Veterans Could Get $50 Billion a Year in New Health Care
Posted at 5:48 p.m. on June 11, 2014
Sen. John McCain, R-Ariz., is a co-sponsor on the bill. (Bill Clark/CQ Roll Call File Photo)
As the Senate voted overwhelmingly to pass legislation designed to fix problems at the Department of Veterans Affairs, the amount of new spending in the measure began to clarify.
And the price tag could be a gut-check when it comes to understanding what it really costs to fulfill sacred obligations to America’s veterans. The cost of the measure could be astronomical.
That’s according to preliminary numbers circulated by the Congressional Budget Office Wednesday afternoon. The bill would give veterans new opportunities to seek care outside of the health care system provided by the Department of Veterans Affairs.
CBO said in a Wednesday letter to Senate Veterans’ Affairs Chairman Bernard Sanders, I-Vt., that since the bipartisan legislation provides broad new powers to the VA that makes for a lot of uncertainty in estimating costs, but looking only at the provisions providing access to other providers, CBO said veterans would eventually seek $50 billion in additional care each year:
CBO estimates that, under Title III, enrolled veterans would ultimately seek to increase the amount of care they receive from VA by about 60 percent. In addition, CBO expects that some of the people who are eligible to enroll but not yet enrolled would choose to enroll because of the improvement in access to health care through VA. Most of the costs incurred to provide that care would be for care financed by other payers, including Medicare; a portion of those costs would thus be offset by savings to the Medicare program. All told, CBO expects that veterans would ultimately seek additional care that would cost the federal government about $50 billion a year, on net.

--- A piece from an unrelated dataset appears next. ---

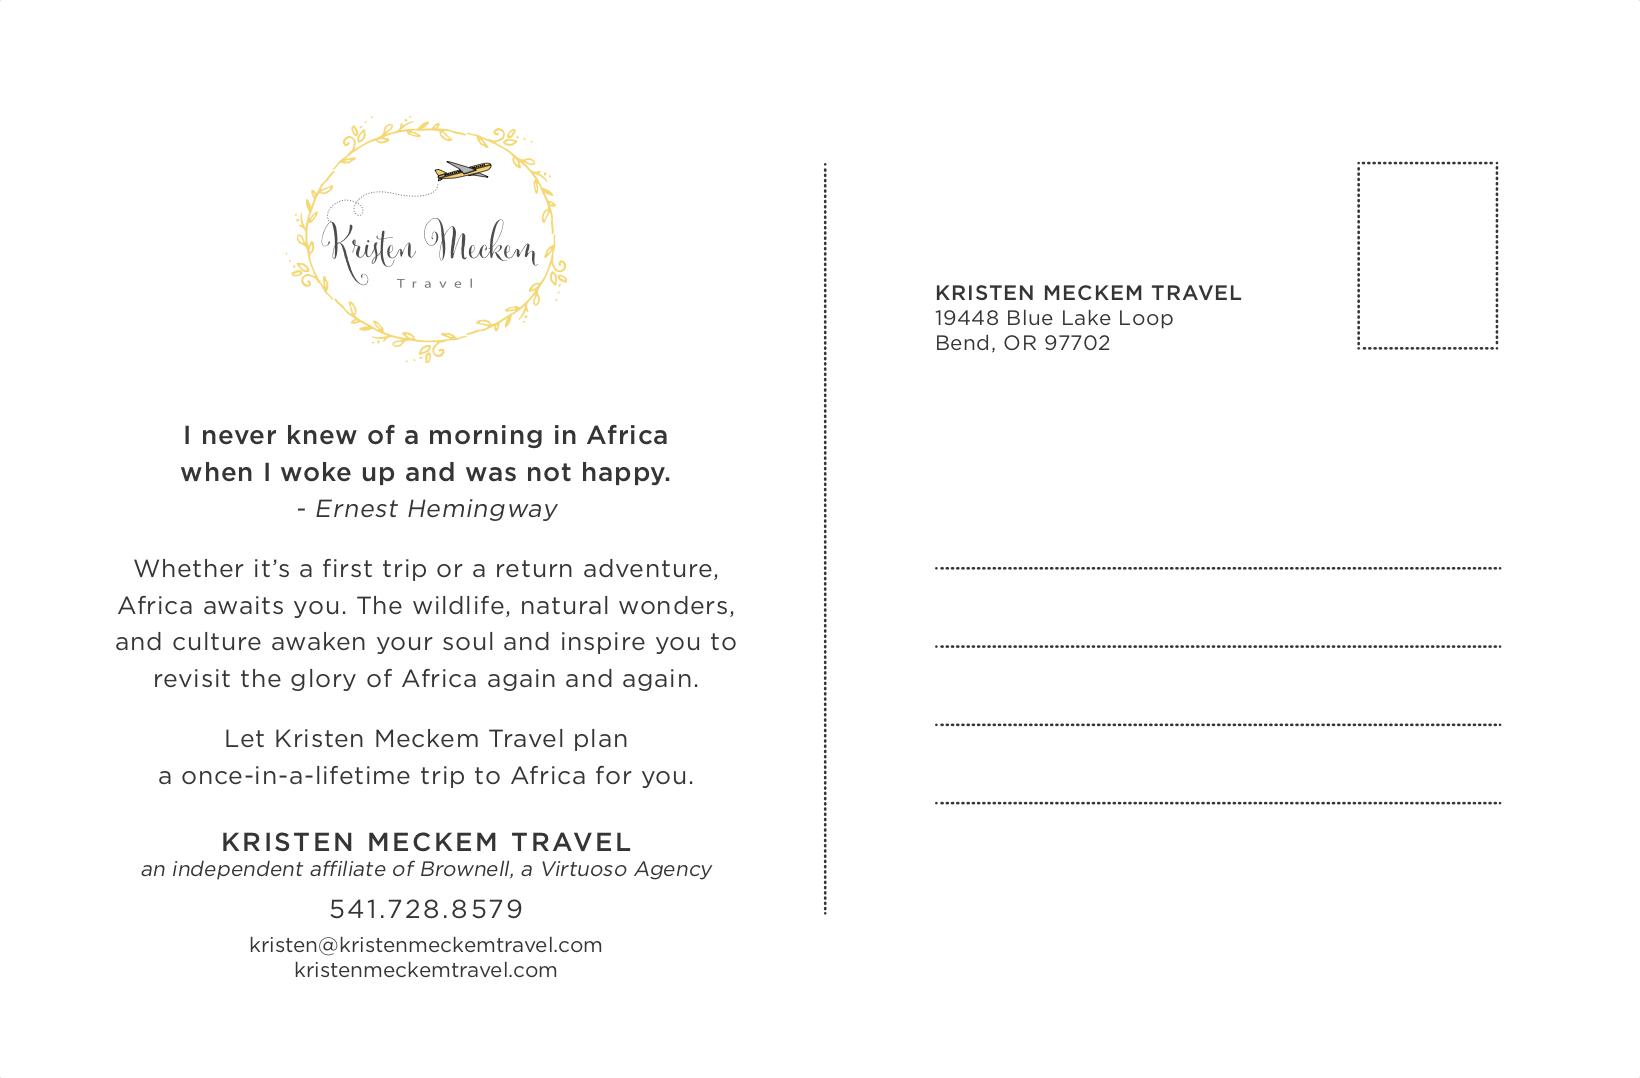 Africa Awaits Postcard back

Maya MacGuineas, president of the outside group the Committee for a Responsible Federal Budget, blasted the open-ended spending in a statement released as the vote was coming to a close.
“The ‘emergency’ designation is for sudden, unforeseen, and temporary needs — none of which define this situation — not a tool for politicians who are unwilling to pay the bills. Budgeting is about prioritizing, but by resorting to abusing the emergency escape clause, Washington is once again looking for the easy way out,” MacGuineas said. “The legislation also includes an unprecedented open-ended mandatory appropriation that basically gives the VA a blank check to spend as it wishes. Given recent reports, one would think Congress would want more accountability at the VA, not less.”
The CBO also said that the budgetary implications are difficult to assess, however:
The magnitude of those budgetary effects is highly uncertain. A significant number of veterans could receive new and expanded health care benefits under S. 2450. How many would ultimately receive those benefits and the resulting costs will depend on a number of factors that are very difficult to predict. Further, the specific parameters of the new program would depend on regulations that would need to be developed. Because the behavioral changes that would result from enacting those provisions are so uncertain, this estimate should be viewed as falling in the middle of a wide range of possible outcomes.
Sanders has said that the bill meets an obligation made to veterans.
“Our job is to make certain that every veteran in the country gets quality health care in a timely manner,” he said in a statement just after the vote. “At a time when 2 million more veterans have come into the VA in the last four years, we must ensure that there are enough doctors, nurses and other health care professionals to meet the needs of veterans in every facility in the country.”